I have allways thought of my reptile as "The Red Queen" out of Alice Through the Looking Glass.  She has no morals or scuples, is completely asocial and will do whatever it takes to keep me safe. She is the one who I would turn to in the screaming room, who keeps me tough and going forward no matter what or who is in my way. I need her for the road ahead.
 But she meets violence with violence, do the most damage in the least time with no regard for the aftermath or the wreckage left behind. Quite the slash and burn policy. This aspect will carry over to daily life and I can become less than pleasent to deal with.
 The better option seems to be to lock the Red Queen away and not have to deal with the carnage. It does however deprive me of her strength. I think the word I am looking for is "Balance", right?
 Perhaps this is why Aikido and the blend are drawing me. Any thoughts or observations are greatly appreciated.

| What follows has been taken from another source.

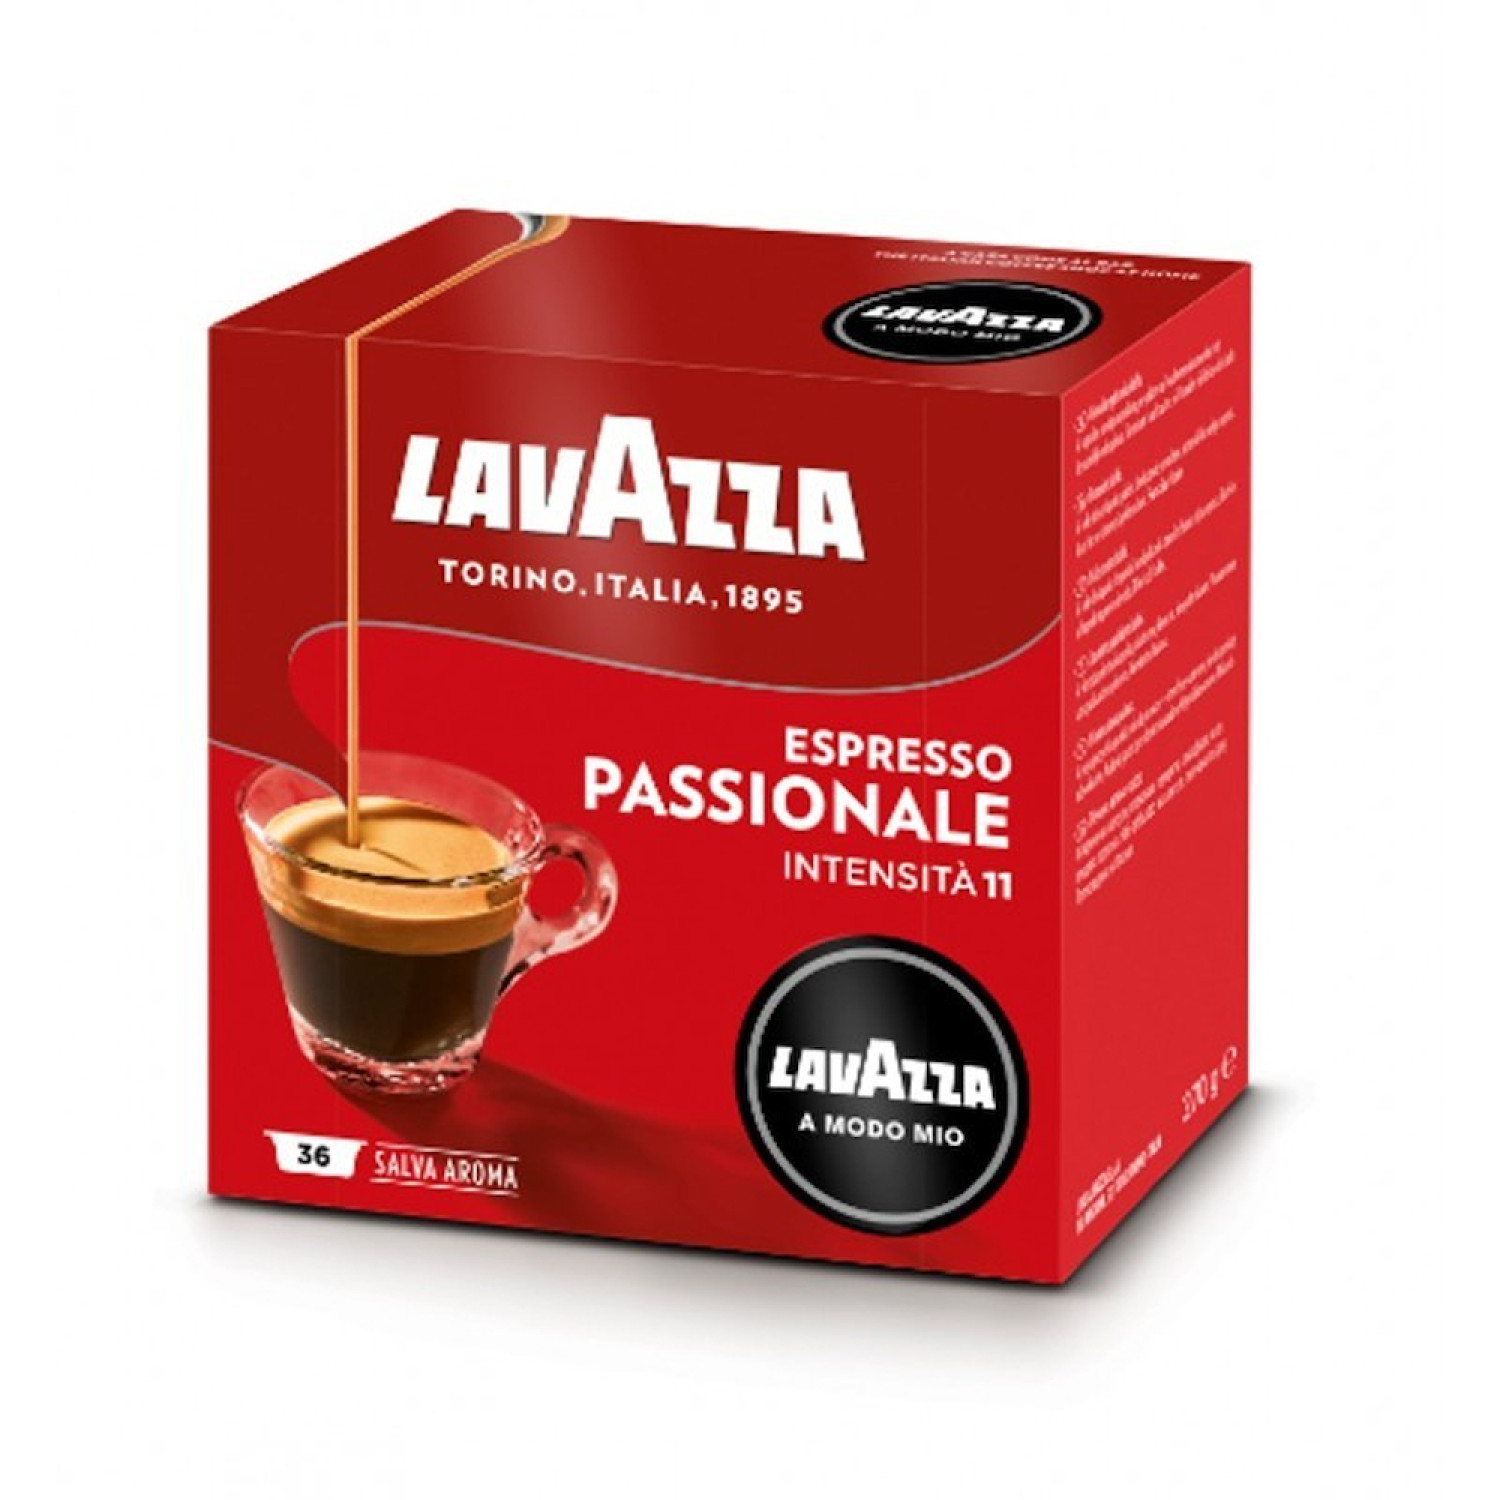 CAPSULE CAFFE' LAVAZZA 8715 PASSIONALE CAFFE' 36C.ASTUCCIO
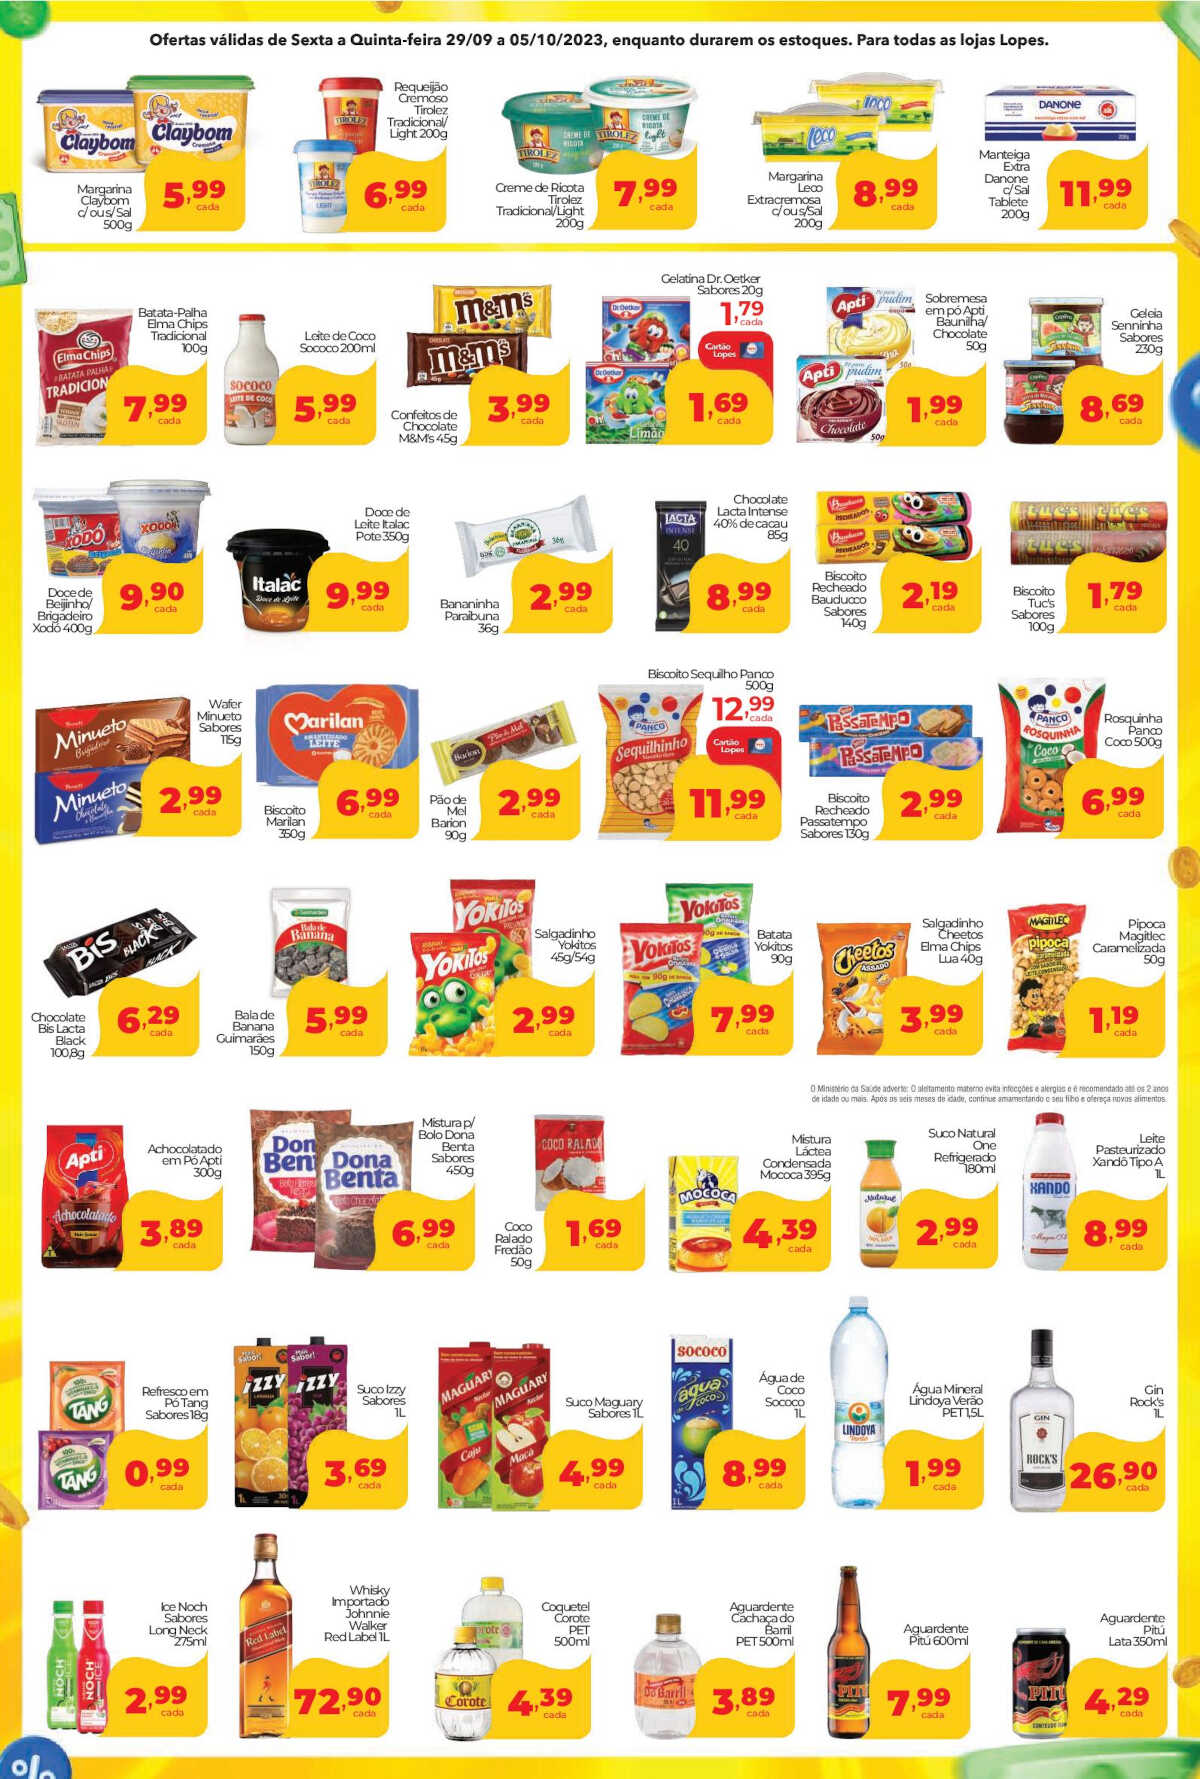 Ofertas Lopes Supermercados até 05/10

Thanks much for sharing and wisdom. humbly
lori


----------



## theletch1 (Oct 11, 2008)

Grendel308 said:


> I have allways thought of my reptile as "The Red Queen" out of Alice Through the Looking Glass.  She has no morals or scuples, is completely asocial and will do whatever it takes to keep me safe. She is the one who I would turn to in the screaming room, who keeps me tough and going forward no matter what or who is in my way. I need her for the road ahead.
> But she meets violence with violence, do the most damage in the least time with no regard for the aftermath or the wreckage left behind. Quite the slash and burn policy. This aspect will carry over to daily life and I can become less than pleasent to deal with.
> The better option seems to be to lock the Red Queen away and not have to deal with the carnage. It does however deprive me of her strength. I think the word I am looking for is "Balance", right?
> Perhaps this is why Aikido and the blend are drawing me. Any thoughts or observations are greatly appreciated. Thanks much for sharing and wisdom. humbly
> lori


As Tom said in his post it's about going further than necessary to accomplish your defense.  That doesn't mean that he isn't prepared to utterly destroy an attacker or even to kill an attacker in defense of himself or others.  The choice is in the hands of the attacker.  The big thing about the blend is entering into the attackers space and matching his speed. Becoming the center of the hurricane, as my instructor likes to say. That's the physical side of it.  The mental side of the blend is only a little different in that you aren't expected to become enraged like your attacker but should remain the calm center of the situation.  Where you have to match the attacker mentally is the point of how far does this damage need to go.  It's the continuum of force again.  If the attacker simply refuses to cease regardless of the damage that you are inflicting upon them, then and only then, would you kill that person instead of using the "Red Queen" analogy of "kill 'em all".  I have a ton more on this going through my head right now.  Once my first pot of coffee kicks in (yes, I said 1st pot) I should be able to be a bit more clear.


----------



## morph4me (Oct 11, 2008)

It's about options, if all you have is a red queen that's the only card you can play. Having access to the red ueen is very important, she's a necessary and useful component, it's just a matter of adding more cards so you have a choice of which ones to play, and realizing you can win the hand without playing the queen, unless you really need her.


----------



## teekin (Oct 11, 2008)

theletch1 said:


> As Tom said in his post it's about going further than necessary to accomplish your defense.  That doesn't mean that he isn't prepared to utterly destroy an attacker or even to kill an attacker in defense of himself or others.  The choice is in the hands of the attacker.  The big thing about the blend is entering into the attackers space and matching his speed. Becoming the center of the hurricane, as my instructor likes to say. That's the physical side of it.  The mental side of the blend is only a little different in that *you aren't expected to become enraged like your attacker but should remain the calm center of the situation. * Where you have to match the attacker mentally is the point of how far does this damage need to go.  It's the continuum of force again.  If the attacker simply refuses to cease regardless of the damage that you are inflicting upon them, then and only then, would you kill that person instead of using the "Red Queen" analogy of "kill 'em all".  I have a ton more on this going through my head right now.  Once my first pot of coffee kicks in (yes, I said 1st pot) I should be able to be a bit more clear.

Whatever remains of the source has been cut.